Perched nearly 2,500 metres above sea level, his village, Toconao, means “lost corner” in the Kunza language of the Indigenous people who have lived and farmed the land in this remote spot for millennia.

“Our deep connection to this place is based on what we have inherited from our ancestors: our culture, our language,” said Espíndola, a member of a local research team that found evidence that people have inhabited the desert for more than 12,000 years.

This distant outpost is at the heart of the global rush for lithium, a silvery-white metal used to make batteries for electric vehicles (EV) and renewable energy storage that are vital to the world’s clean energy transition. The Atacama salt flat is home to about 25% of the world’s known lithium reserves, turning Chile into the world’s second-largest lithium producer after Australia.

For decades, the Atacama’s Indigenous Lickanantay people have protested against the expansion of the lithium industry, warning that the large evaporation ponds used to extract lithium from the brine beneath the salt flats are depleting scarce and sacred water supplies and destroying fragile desert ecosystems.

Espíndola joined the protests, fearing that competition for water could pose an existential threat to his community.

But last year, he was among dozens of Indigenous representatives who sat across the table from executives representing two Chilean mining giants to hammer out a governance model that gives Indigenous communities living close to lithium sites a bigger say over operations, and a greater share of the economic benefits.

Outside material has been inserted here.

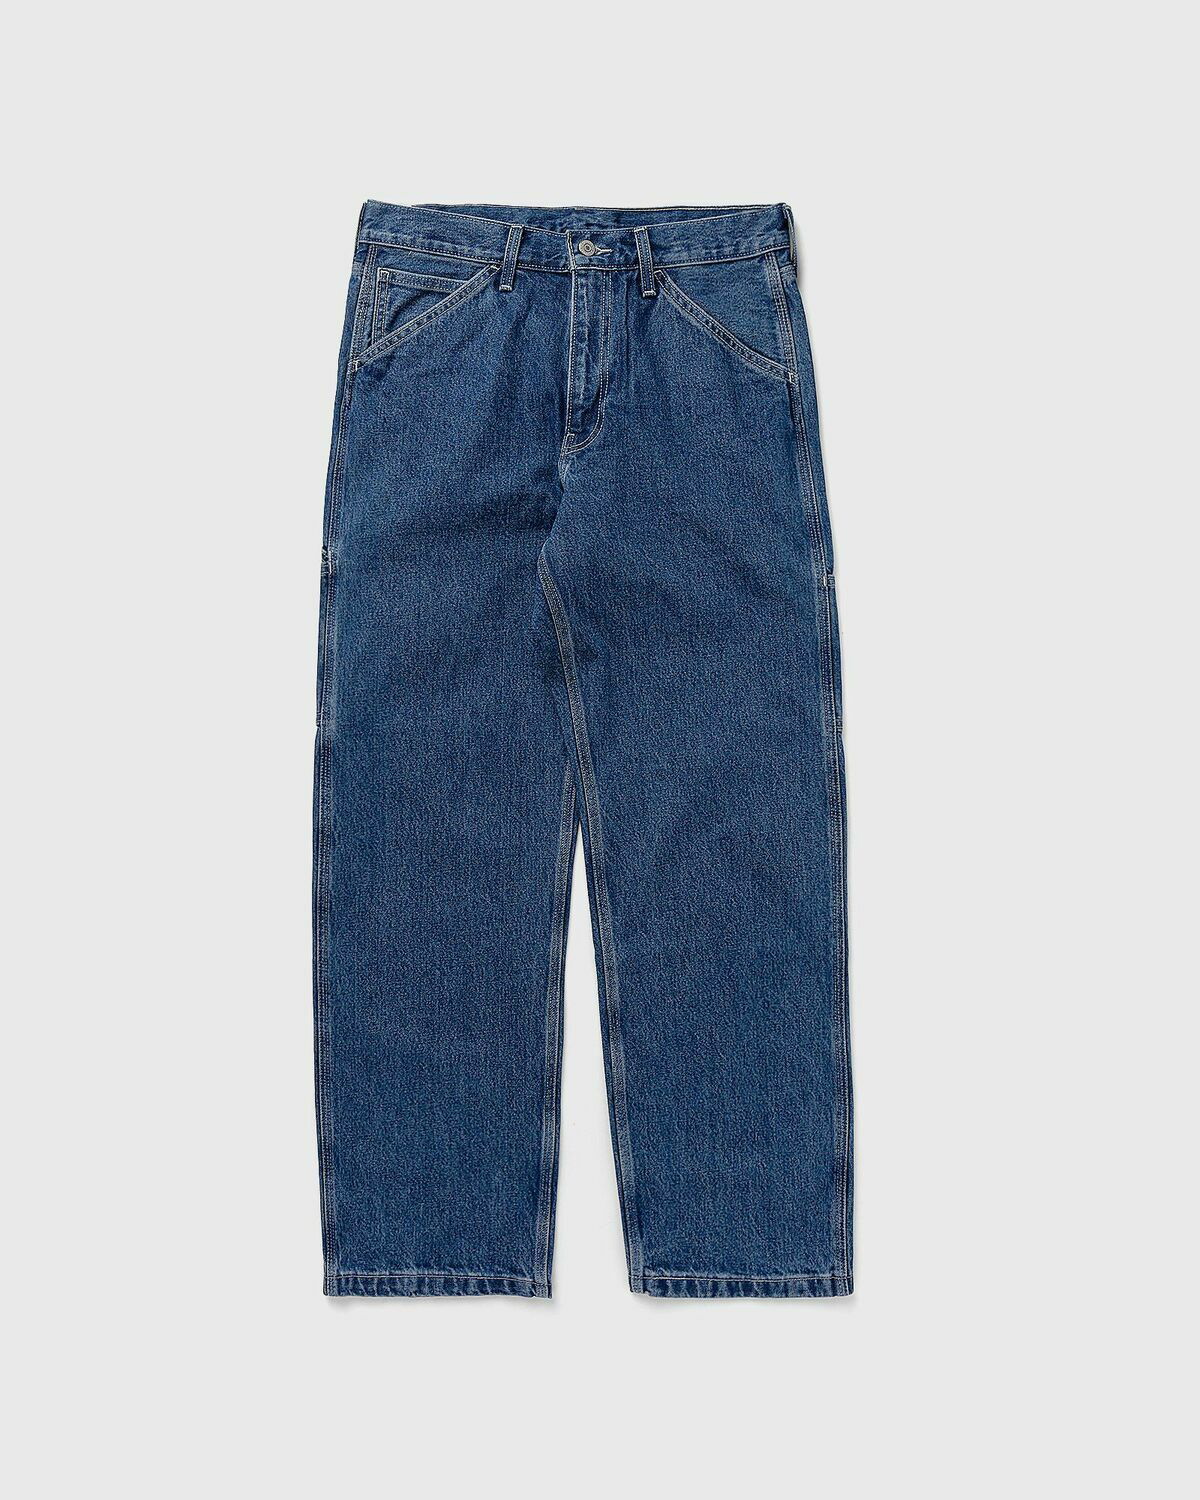 Levis 568 Stay Loose Carpenter Blue - Mens - Jeans

A man wearing a black T-shirt and a hat stands in front of a tree
Rudecindo Espíndola stands in a green oasis near the village of Toconao in the Atacama desert (Photo: Francisco Parra)

A pioneering deal

The agreement is part of a landmark deal between state-owned copper miner Codelco and lithium producer the Sociedad Química y Minera de Chile (SQM) to extract lithium from the salt flats until 2060 through a joint venture called NovaAndino Litio.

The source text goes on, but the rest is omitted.